EXERCISE DESCRIPTION: Please copy the lines below, exactly as they are, from the one with "Medals & Banknotes" through the one with "Paz anillo medieval", and leave out the pictures.

DATASET CONTENT:

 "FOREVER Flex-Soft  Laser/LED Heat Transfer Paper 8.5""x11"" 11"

---

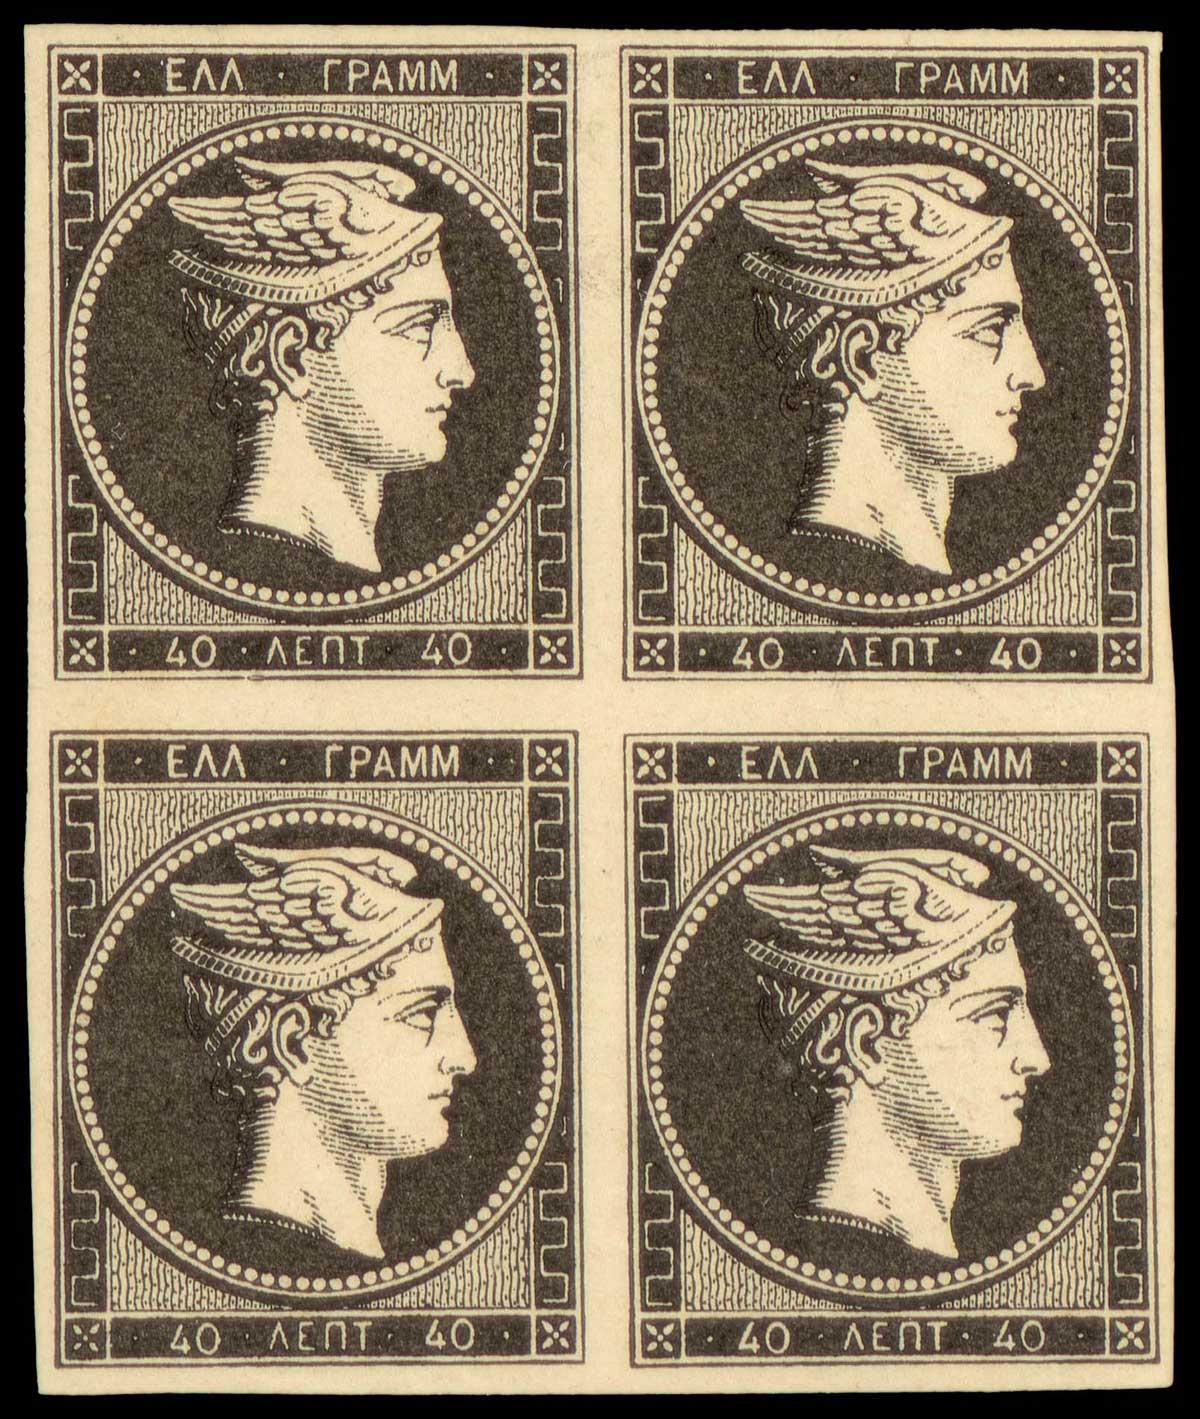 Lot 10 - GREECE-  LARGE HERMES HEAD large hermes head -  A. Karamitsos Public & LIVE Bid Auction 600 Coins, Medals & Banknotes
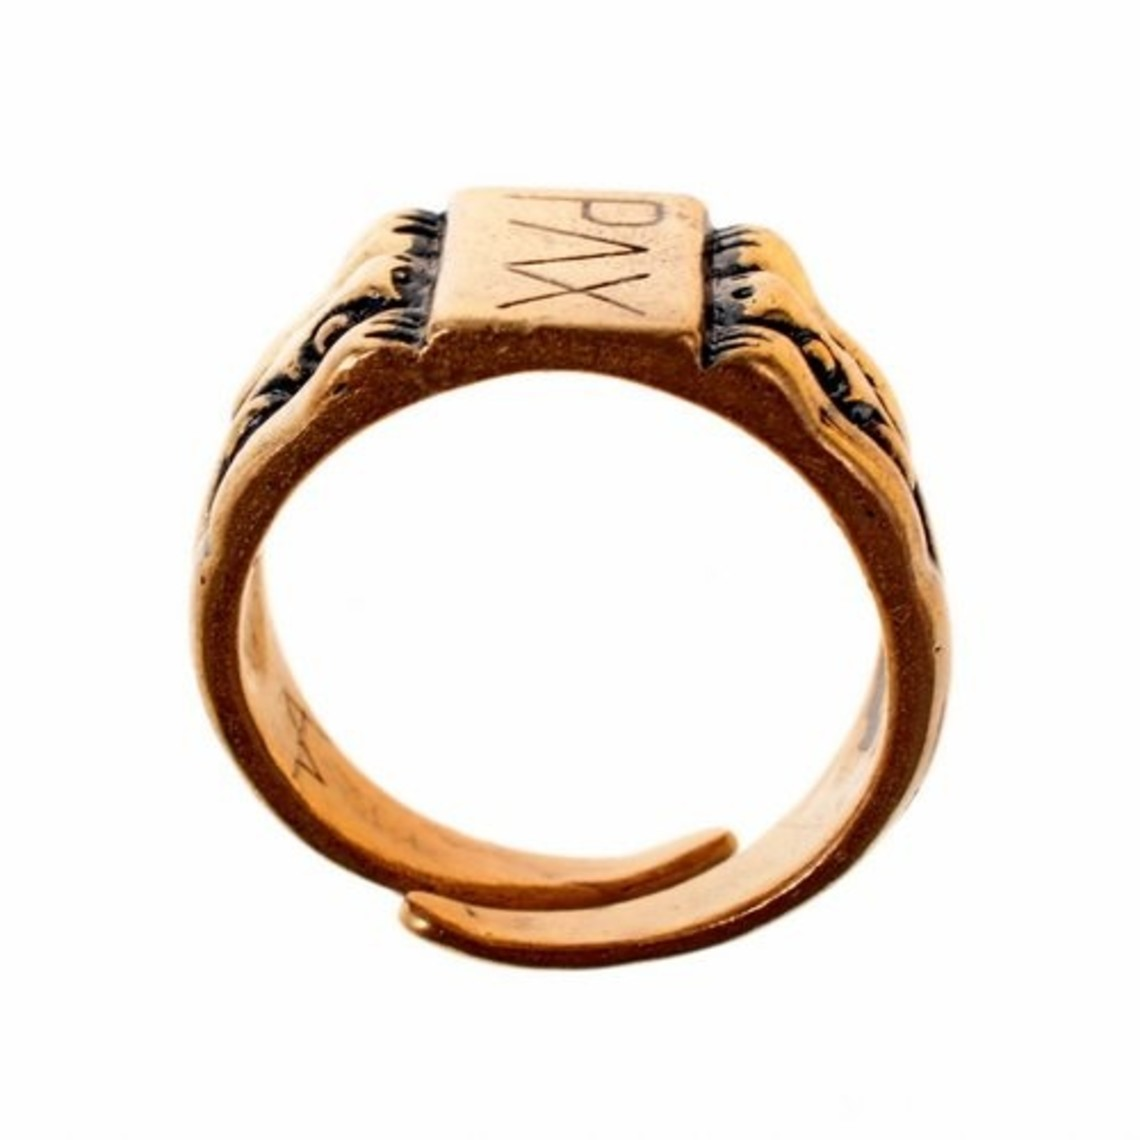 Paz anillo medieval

REPLY TO THE EXERCISE:
 Lot 10 - GREECE-  LARGE HERMES HEAD large hermes head -  A. Karamitsos Public & LIVE Bid Auction 600 Coins, Medals & Banknotes
 Paz anillo medieval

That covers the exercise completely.